InVasMani · Sep 30, 2020

Parallel single threading seems entirely plausible phase the clock skew peaks and dips on two chips and synchronize oscillation switching between one and the other. You should get 100% increase in performance with two chips like that in theory, but clock skew frequency oscillation is always in constant motion so you move from peaks to dips so with the switching in mind to maximize both you end up 50% in the best case scenario though synchronizing and sequencing it might not be 100% perfect so could be closer to 48%. I don't know if they can execute it perfectly in practice, but in theory it's defiantly within the scope of possibilities. You can actually mimic that with a pair of music sequencers it's functionally possible.

I mentioned the concept of it in the Intel bigLITTLE TPU thread not that far back you can basically manipulate clock skew or cycle duties in a clever manner in theory to get more performance by manipulating it in a similar fashion to what was done with by MOS Technology with the SID chip for the arpeggio's to simulate playing chords with polyphony it was a clever hardware trick at the time. It seems far fetched and somewhat unimaginable to actually be applied, but innovation always is you have to think outside the box or you'll always been stuck in a box.

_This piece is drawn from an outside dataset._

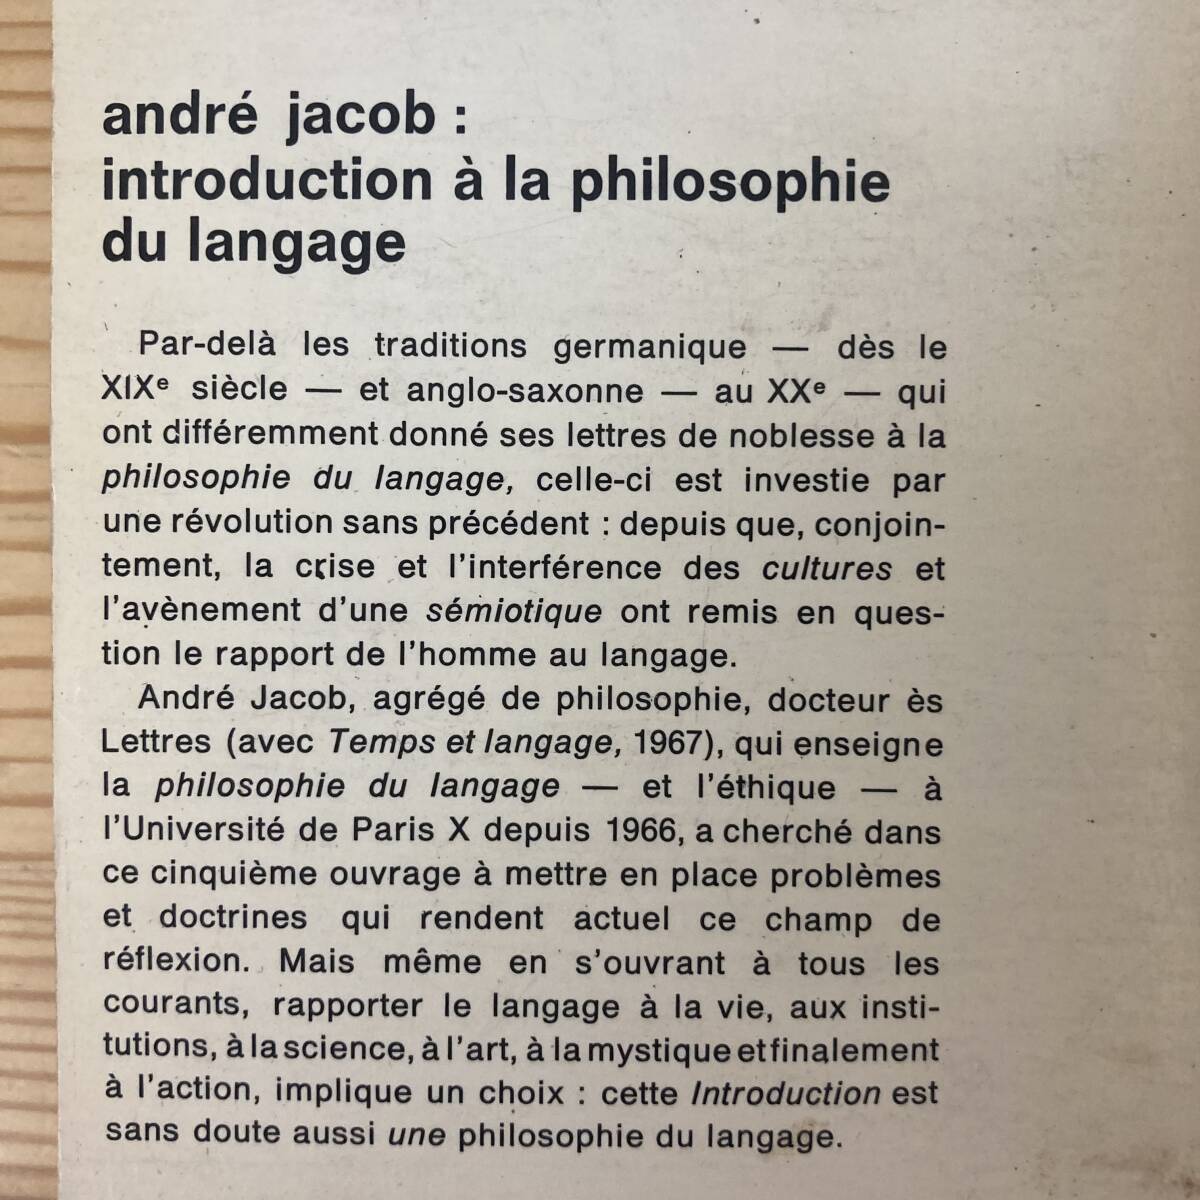 【仏語洋書】Introduction a la philosophie du langage / Andre Jacob（著）【言語哲学】_画像2

This is a quadruple LFO what is allegedly being done is twin LFO if you look at the intersection points that's half a cycle duty rising and falling voltages/frequencies. If you look at the blue and green or yellow and purple they intersect perfectly. What's being done is a switching at the intersection cross section so you've got two valley peaks closer together and the base of the mountain so to speak isn't as far downward. That's assuming this is in fact being done and put into practice by AMD. I see it within the oscilloscope of possibilities for certain. That's basically what DDR memory did in practice. Big question is if they can pull it off within the dynamic complexity of software. Then again why can't they!!? Can't see what they can't divert it like a rail road track at that crossroad intersection point. That nets you a roughly 50% performance gain with 4 chips the valley dips would be reduce more and the peaks would happen more routinely and you'd end up with 100% more performance I think that's what DDR5 is suppose to do actually on the data rate hence the phrase quad data rate.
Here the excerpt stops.